→ TASK DETAILS
An exact copy of all the data is needed, with every picture left out.
-------- SOURCE DATA --------
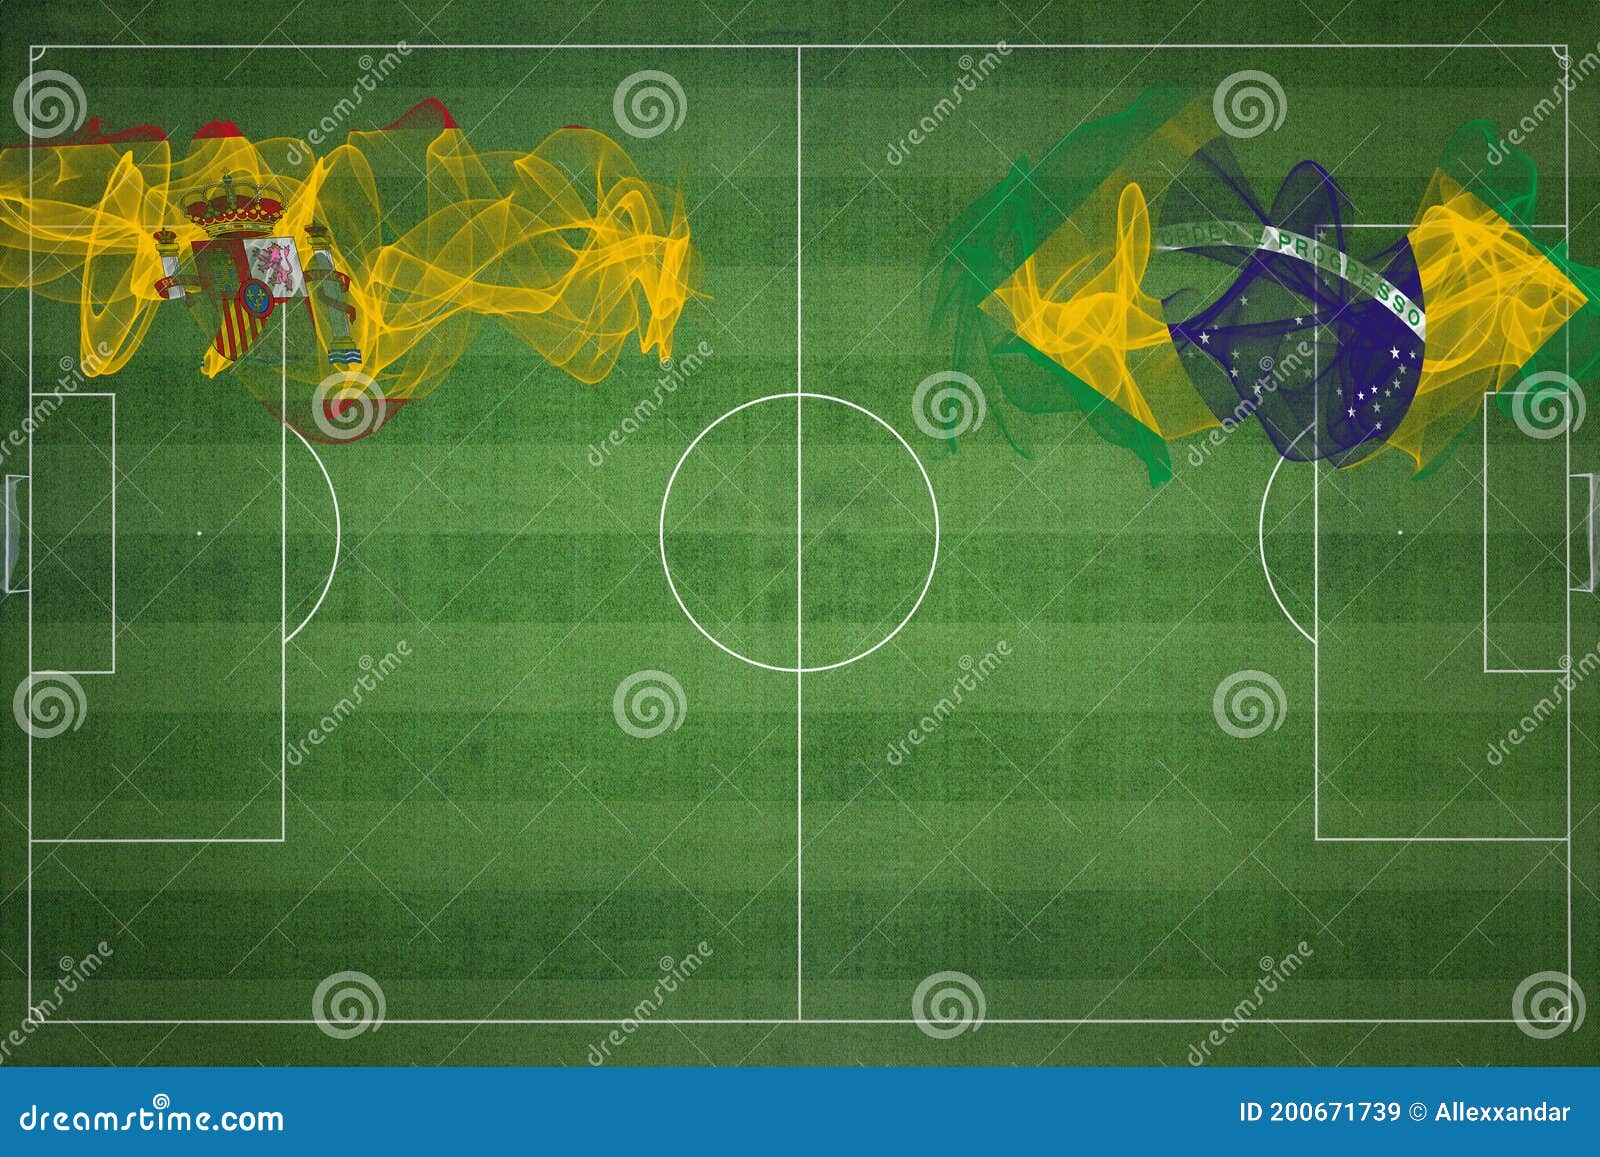 Spain Vs Brazil Soccer Match, National Colors, National Flags, Soccer
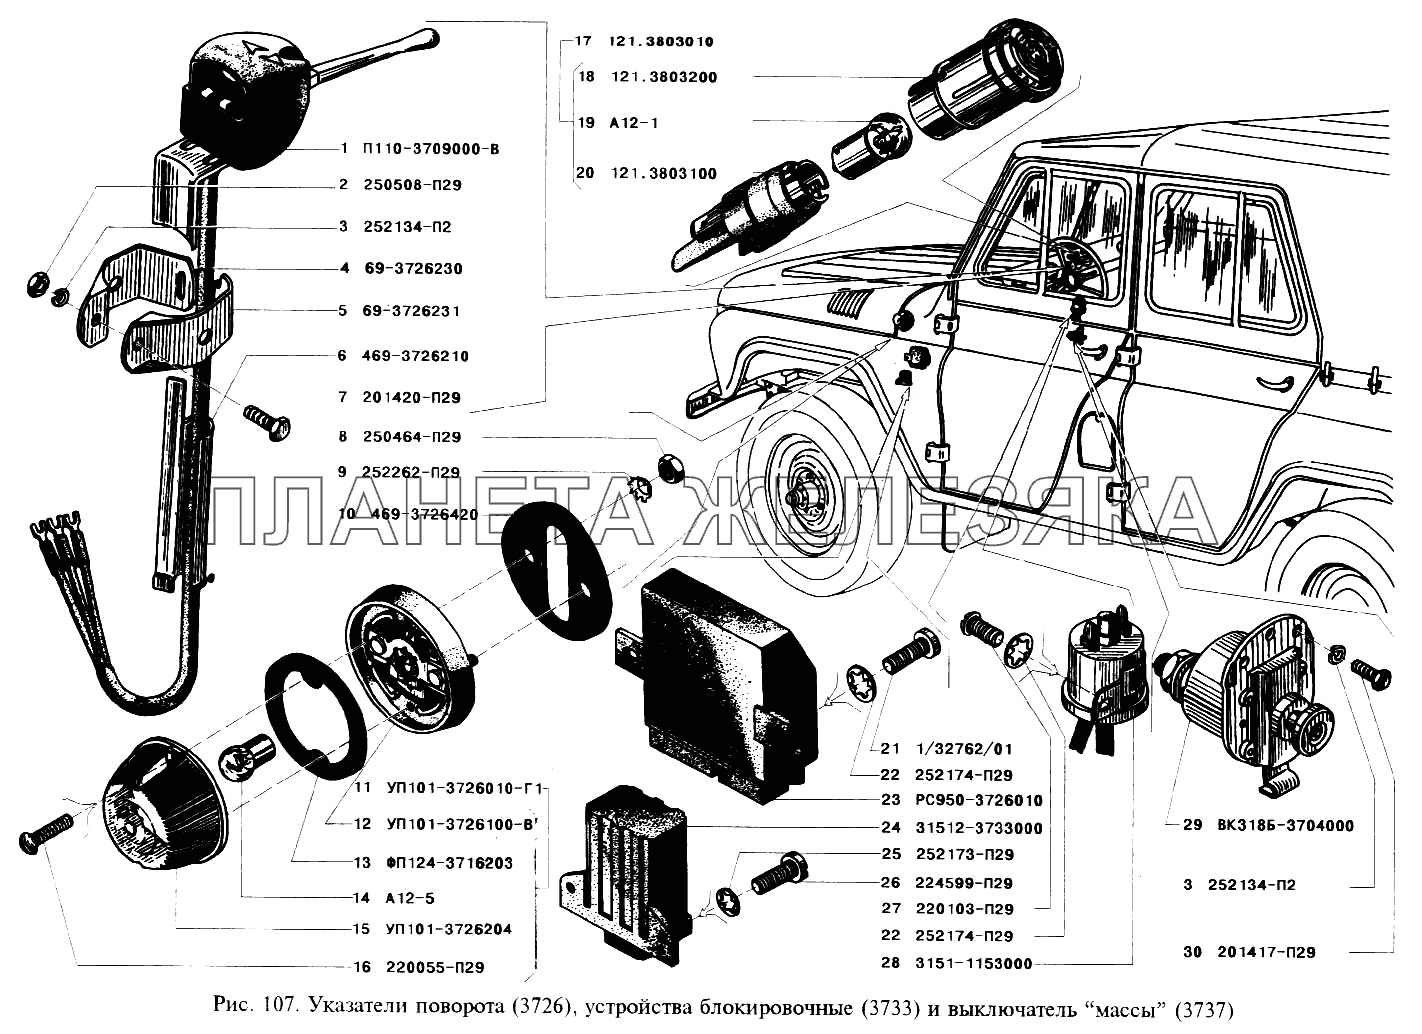 Указатели поворота, устройства блокировочные и выключатель массы УАЗ-3151
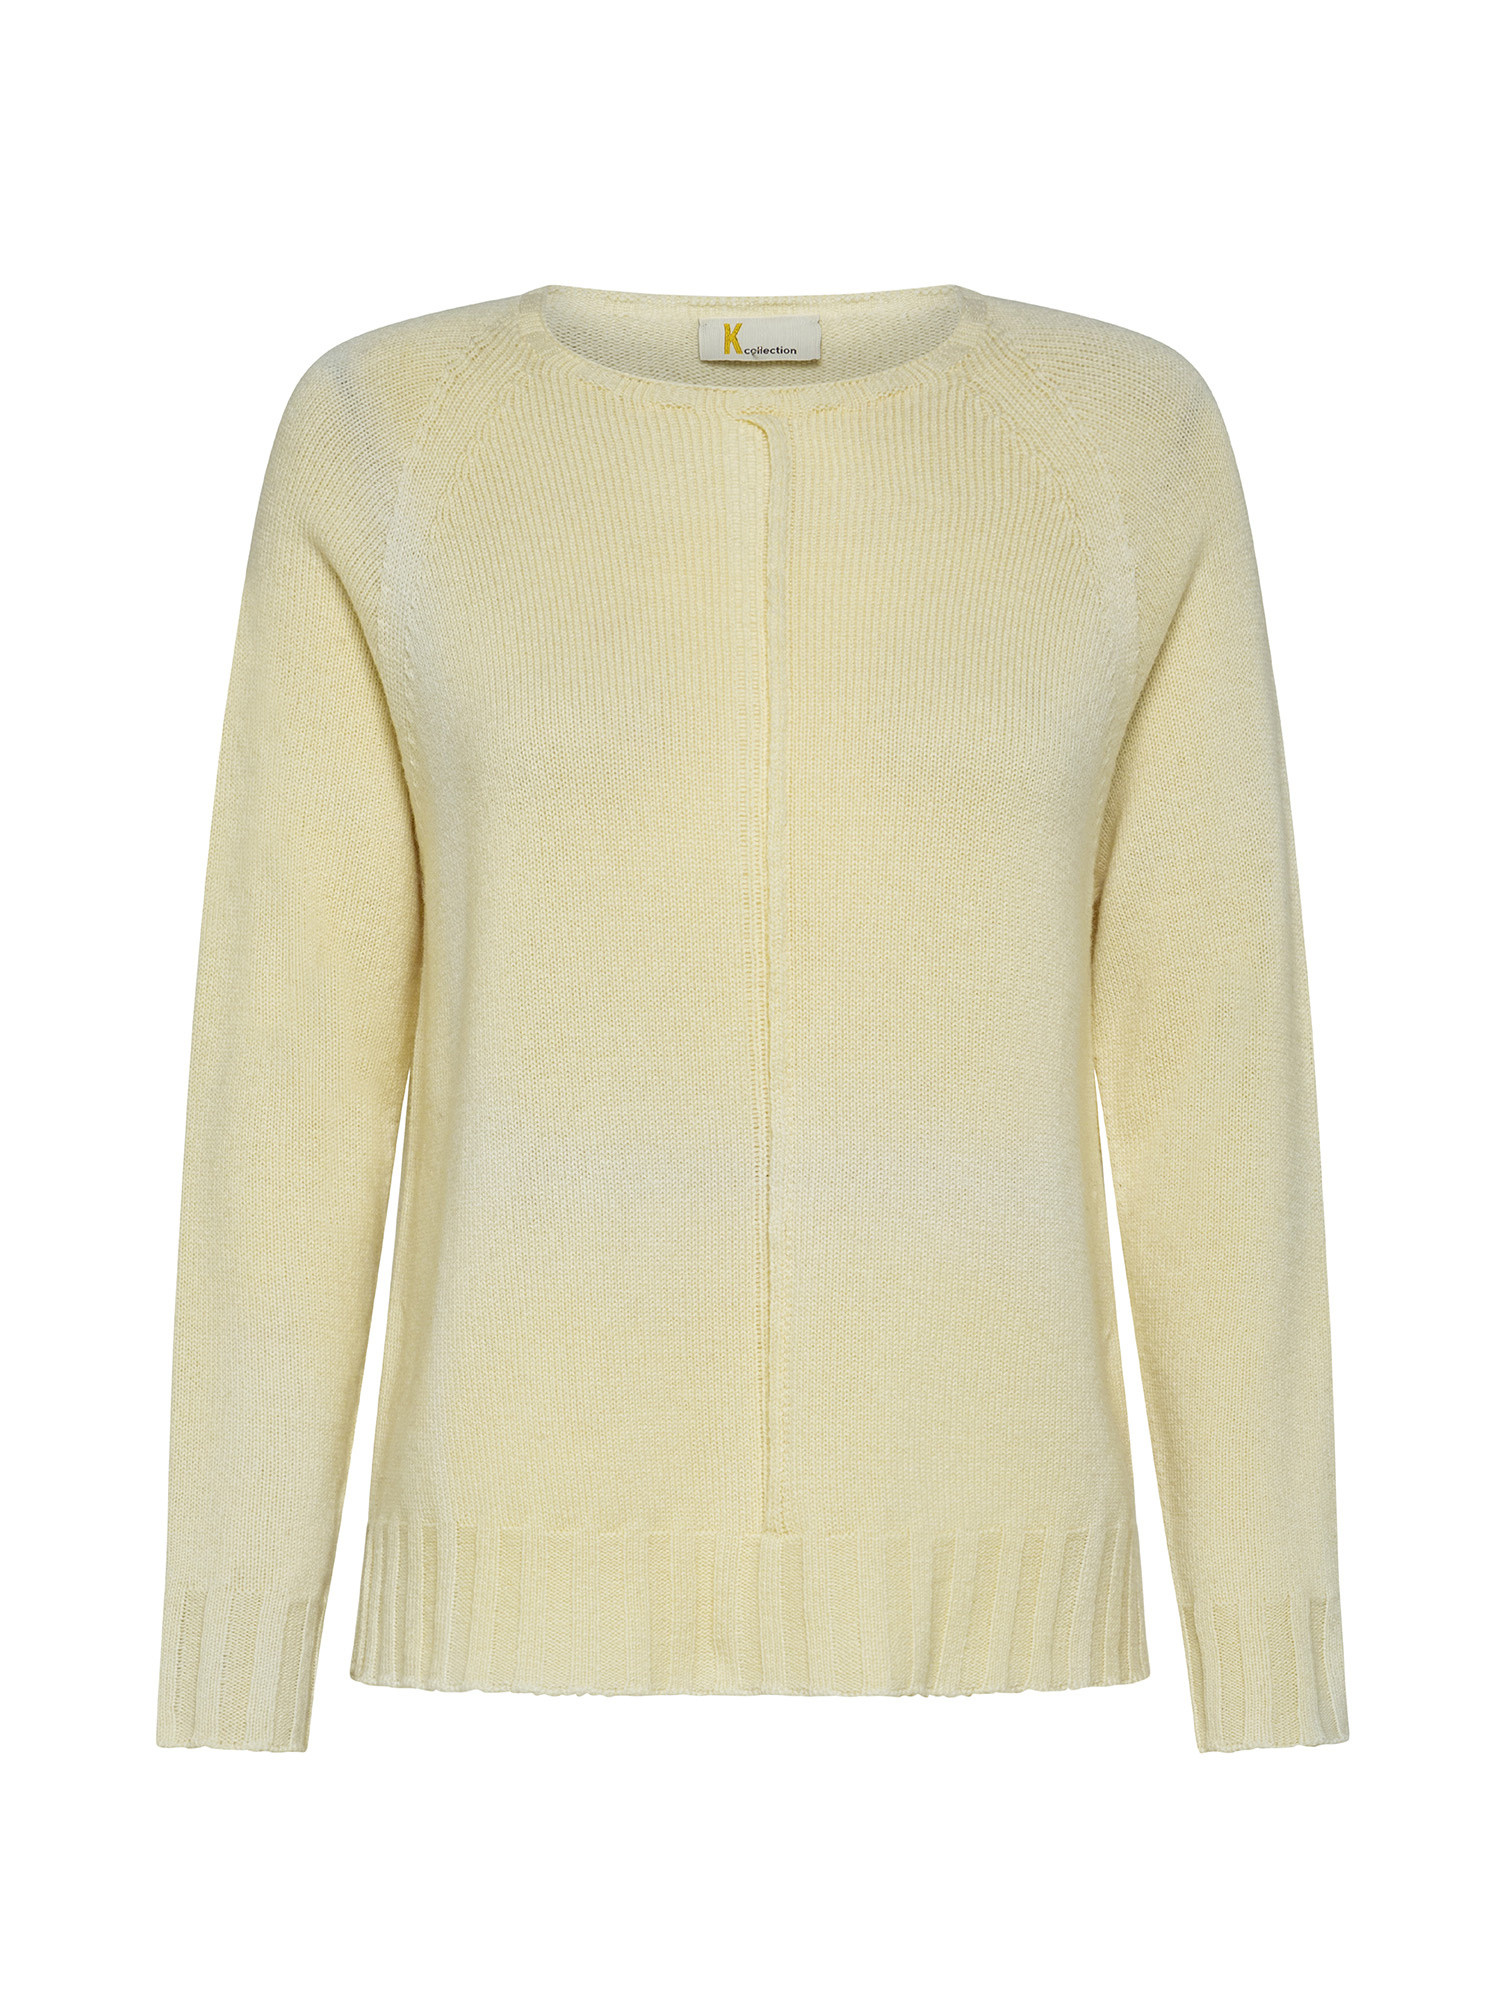 K Collection - Crewneck pullover, Ecru, large image number 0
--------
→ ANSWER SPACE
 Spain Vs Brazil Soccer Match, National Colors, National Flags, Soccer
 Указатели поворота, устройства блокировочные и выключатель массы УАЗ-3151
 K Collection - Crewneck pullover, Ecru, large image number 0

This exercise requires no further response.